Related implementation resources: AI Agent Use Case for Waste Management Firms Using Pickup Logs to Optimize Collection Routes and Environment separation rules for AI-generated apps: practical production-grade patterns.

FAQ

What is a Cursor rules template for waste collection routing?

A Cursor rules template defines stack-specific AI guardrails and implementation guidance to generate, validate, and execute waste collection routing logic. It standardizes architecture, data access, and testing practices so teams can paste a ready-to-run .cursorrules block into their project root for consistent AI-assisted development.

Which stack is this Cursor rules template built for?

This template targets a Python-based stack with FastAPI, SQLAlchemy, PostgreSQL + PostGIS, and Cursor AI for safe, guided AI-assisted development of routing and fleet optimization features.

How do I integrate the .cursorrules block with my project?

Place the copied .cursorrules block in the project root and reference it from your Cursor AI editor. Ensure the project structure matches the recommended layout and that environment variables for DB connections are configured in your deployment environment.

What should I test to ensure reliability?

Unit test routing heuristics, integration tests for API endpoints, and GIS query correctness. Validate data inputs with type checks, mock external services in unit tests, and run full CI with linting and formatting checks.

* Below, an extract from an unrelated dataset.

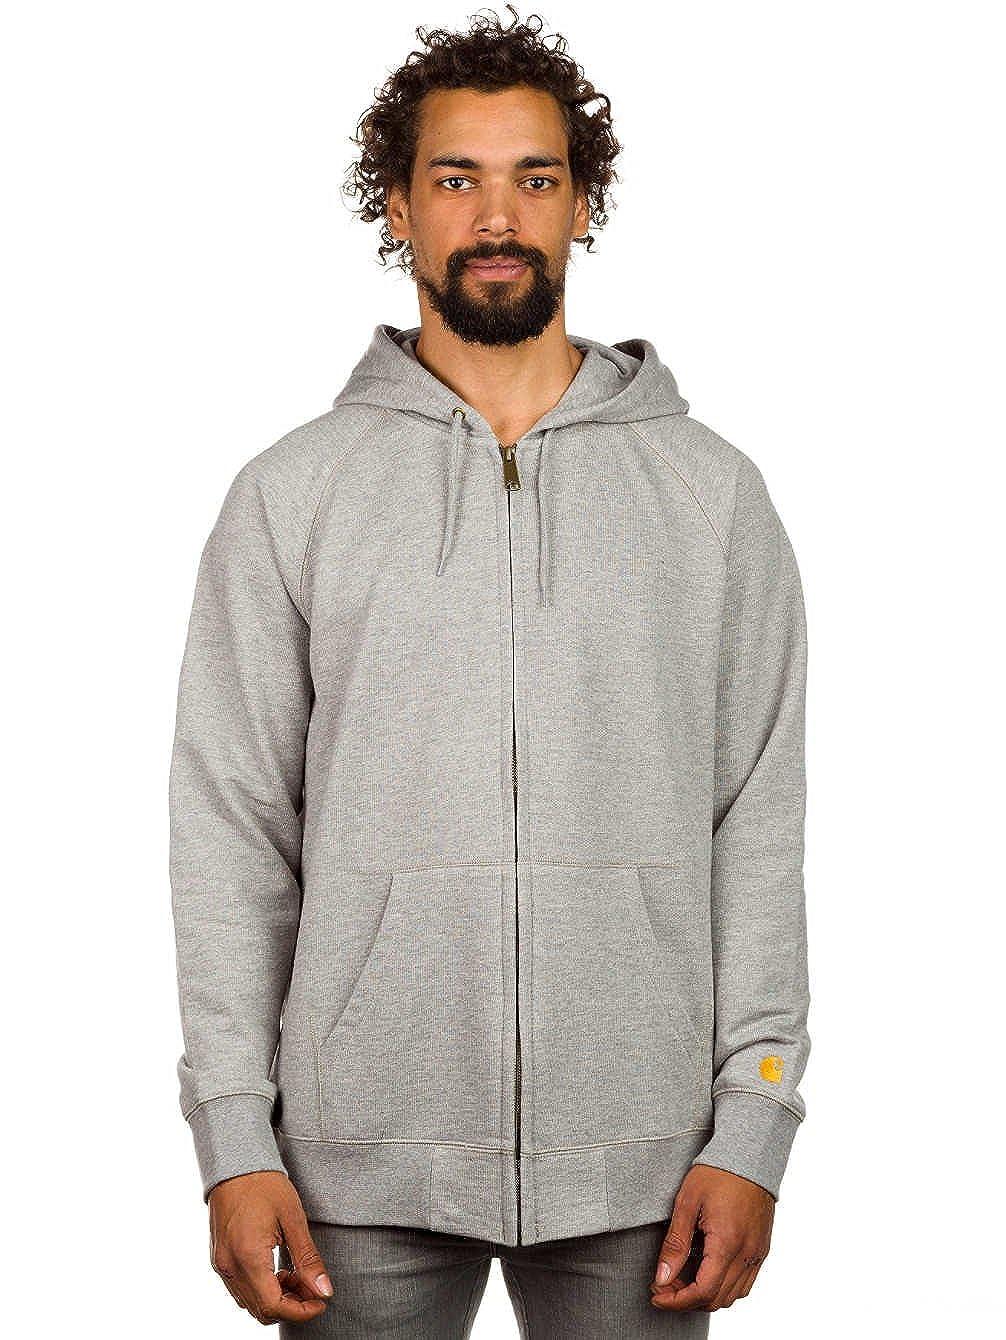 Carhartt Sudaderas - Carhartt Hooded Chase Jacket... gris extra-small: Amazon.es: Ropa y accesorios

How do I secure routing data?

Use OAuth2/JWT, encrypt sensitive fields at rest, constrain access by role, and sanitize inputs. Never log secrets or expose private keys through AI prompts or routes.

Can I customize routing heuristics?

Yes. The template is designed to allow plug-in heuristics for distance metrics, time windows, and vehicle capacities. Implement interfaces in app/services and swap in alternative implementations without changing API contracts.